9.  USE OF NAME AND LOGO. Subscriber grants to PrintReleaf during the Term a non-exclusive, non-transferable (except as permitted under the subsection titled No Assignment), revocable, royalty-free license (without the right to grant sublicenses) to use Subscriber’s name and logo (together with any trademarks or service marks designated by Subscriber, the “Subscriber Marks”) on its promotional and marketing materials (including its websites) solely to identify Subscriber as user of PrintReleaf Services. At Subscriber’s request, PrintReleaf will modify or discontinue any use of the Subscriber Marks if Subscriber determines that such use does not comply with Subscriber’s then-current trademark usage policies and guidelines.

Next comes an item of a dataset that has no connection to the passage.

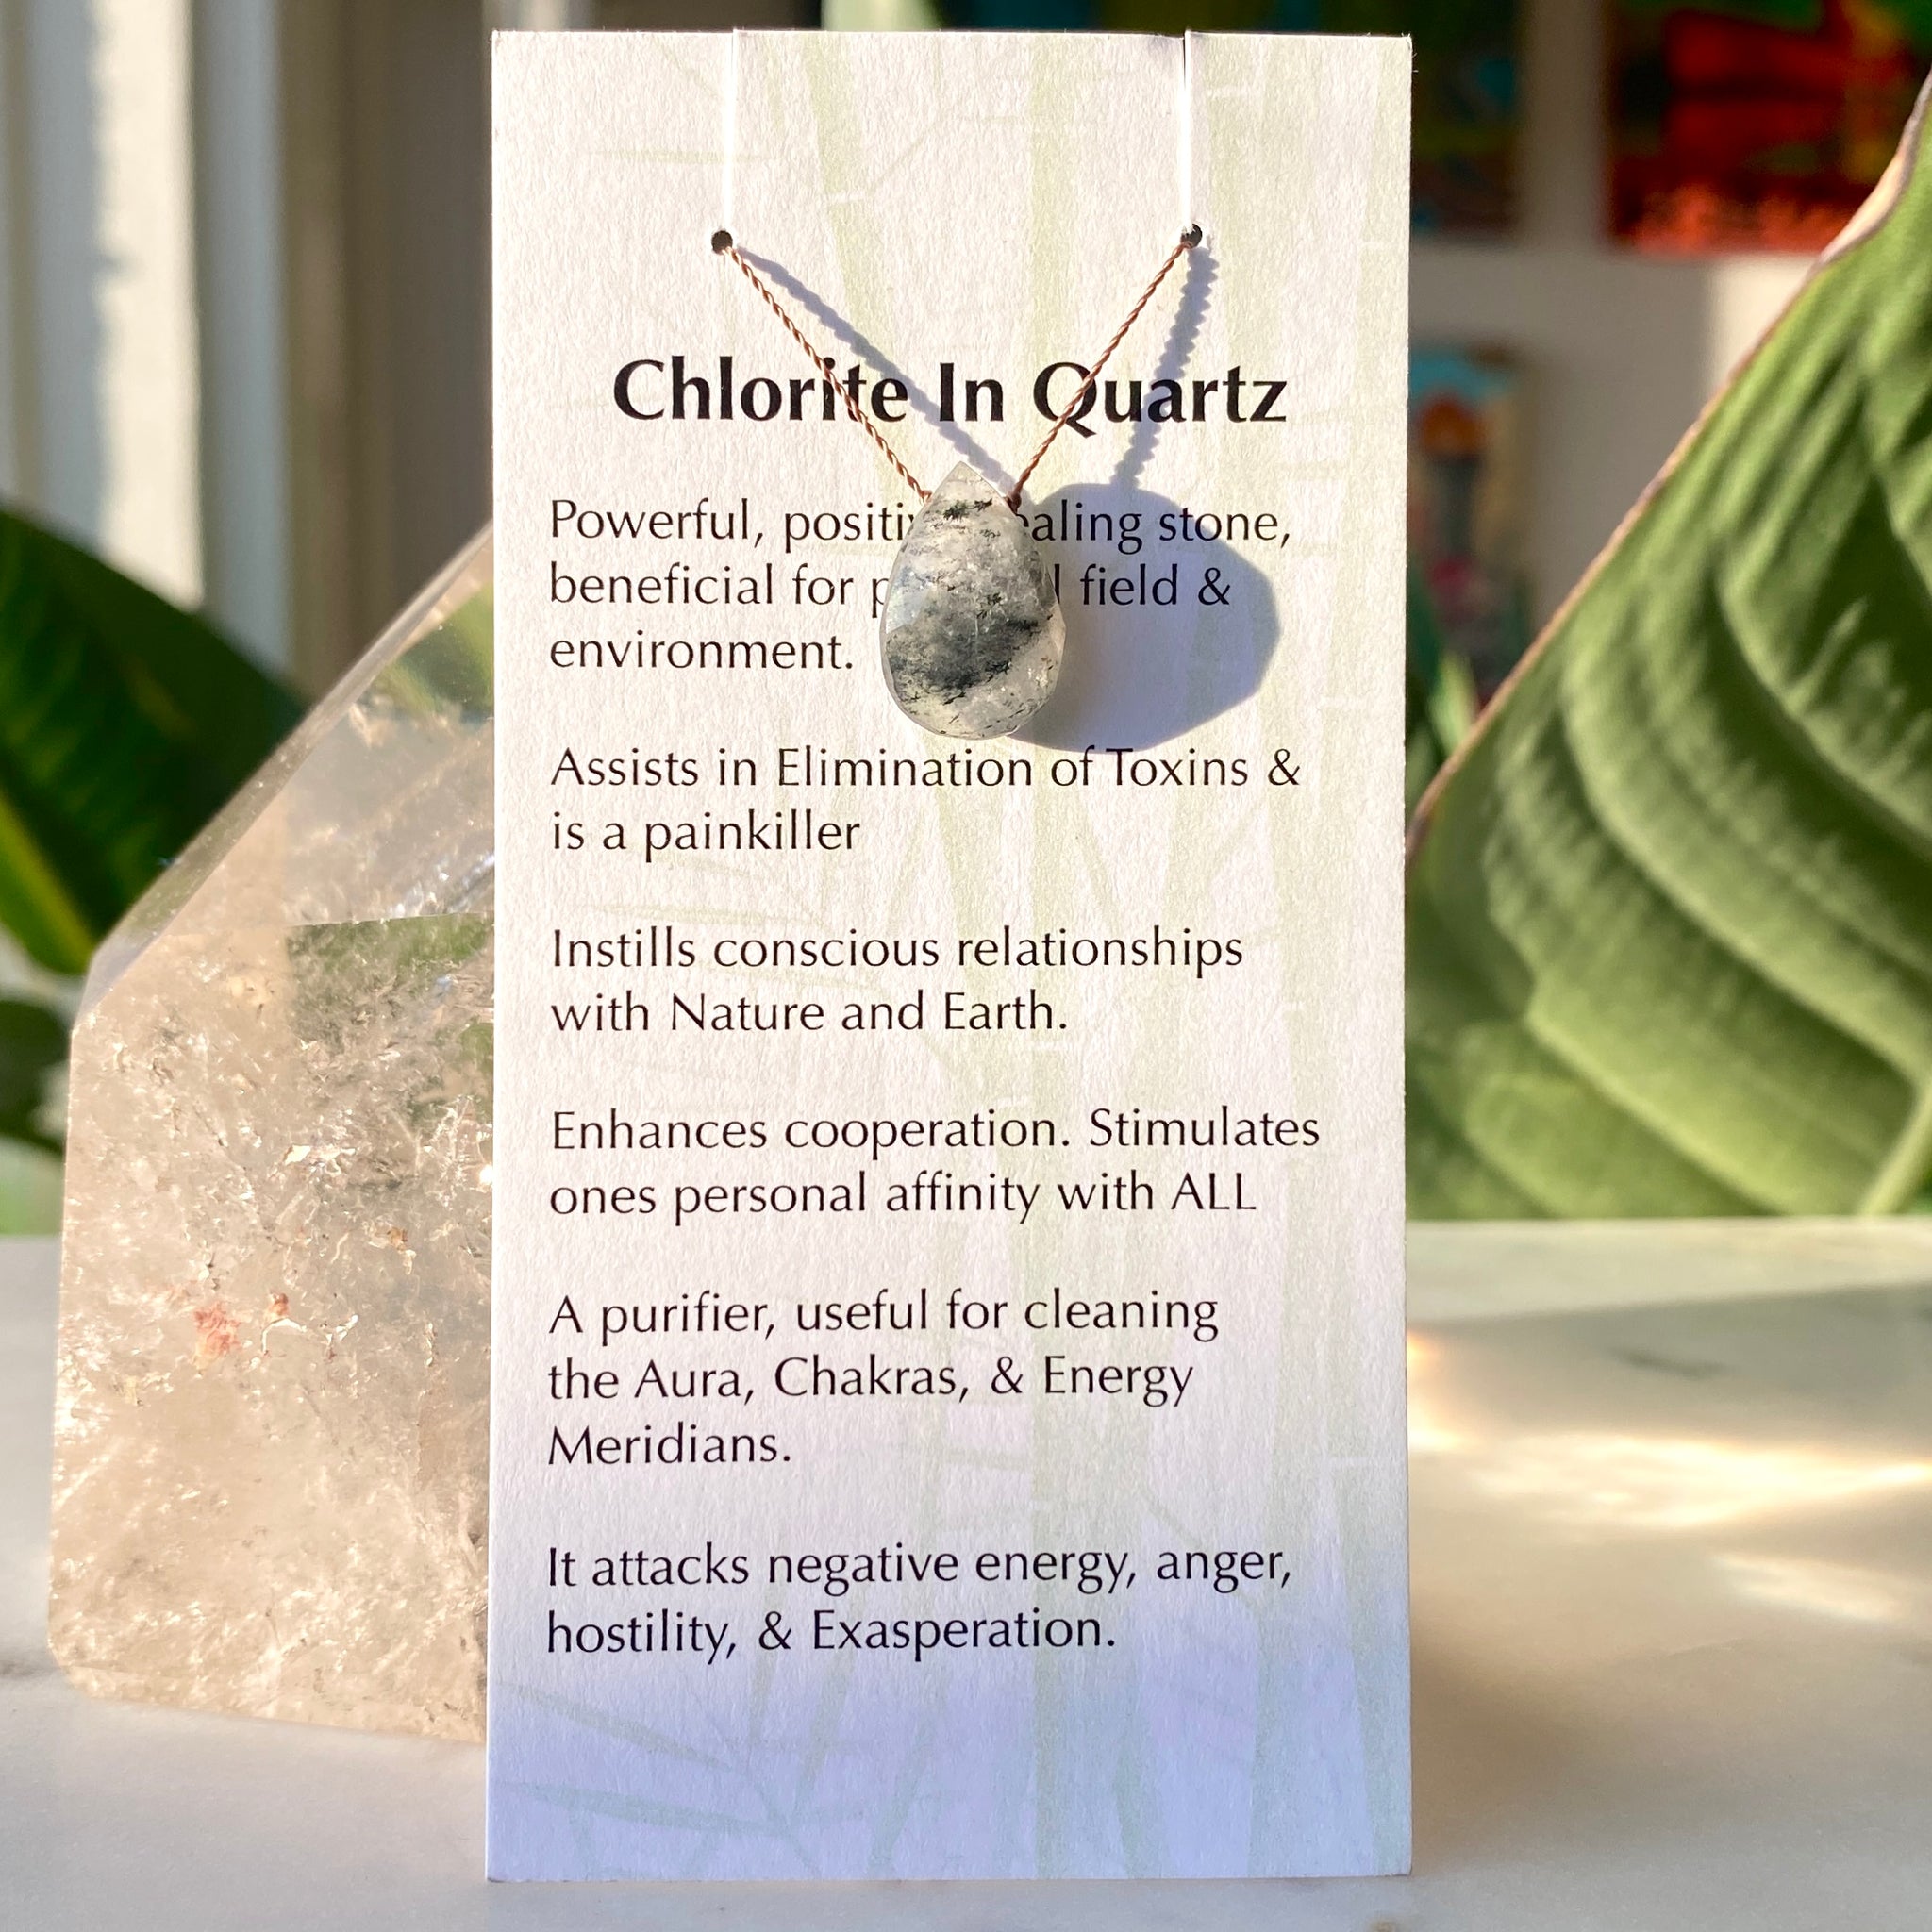 Chlorite in Quartz

10.  MODIFICATIONS. You acknowledge and agree that PrintReleaf has the right, in its sole discretion, to modify this Agreement from time to time, and the modified terms become effective 30 days after You are notified. You will be notified of modifications through notifications or posts on the PrintReleaf Exchange and direct email communication from PrintReleaf. You are responsible for reviewing and becoming familiar with any such modifications. Your continued use of the Services after the effective date of the modifications will be deemed acceptance of the modified terms.

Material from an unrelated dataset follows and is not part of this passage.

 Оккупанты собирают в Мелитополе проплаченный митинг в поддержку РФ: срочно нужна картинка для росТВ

11.  ASSIGNMENT. This Agreement is not assignable or transferable by either party without the prior written consent of the other party and any such attempted assignment or transfer shall be void and without effect, except that either party may assign this Agreement without the consent of the other party to (a) any purchaser of all of the stock or substantially all of its assets, or (b) any affiliate upon notice to the other party.

12.  MISCELLANEOUS. This Agreement and any action related thereto will be governed and interpreted by and under the laws of the State of Colorado, without giving effect to any conflicts of laws principles that require the application of the law of a different jurisdiction. Any legal suit, action or proceeding arising out of or related to this Agreement or the rights granted hereunder will be instituted exclusively in the federal courts of the United States or the courts of the State of Colorado in each case located in the city and county of Denver, and each party irrevocably submits to the exclusive jurisdiction of such courts in any such suit, action or proceeding. If any provision of this Agreement is, for any reason, held to be invalid or unenforceable, the other provisions of this Agreement will remain enforceable and the invalid or unenforceable provision will be deemed modified so that it is valid and enforceable to the maximum extent permitted by law. Any waiver or failure to enforce any provision of this Agreement on one occasion will not be deemed a waiver of any other provision or of such provision on any other occasion. Any delay in the performance of any duties or obligations will not be considered a breach of this Agreement if such delay is caused by a labor dispute, shortage of materials, fire, earthquake, flood, or any other event beyond the control of such party, provided that such party uses reasonable efforts, under the circumstances, to notify the other party of the cause of such delay and to resume performance as soon as possible. PrintReleaf ’s relationship to Subscriber is that of an independent contractor, and neither party is an agent or partner of the other. This Agreement comprises the final, complete and exclusive agreement of the parties with respect to the subject matters hereof and supersede and merge all prior discussions between the parties with respect to such subject matters.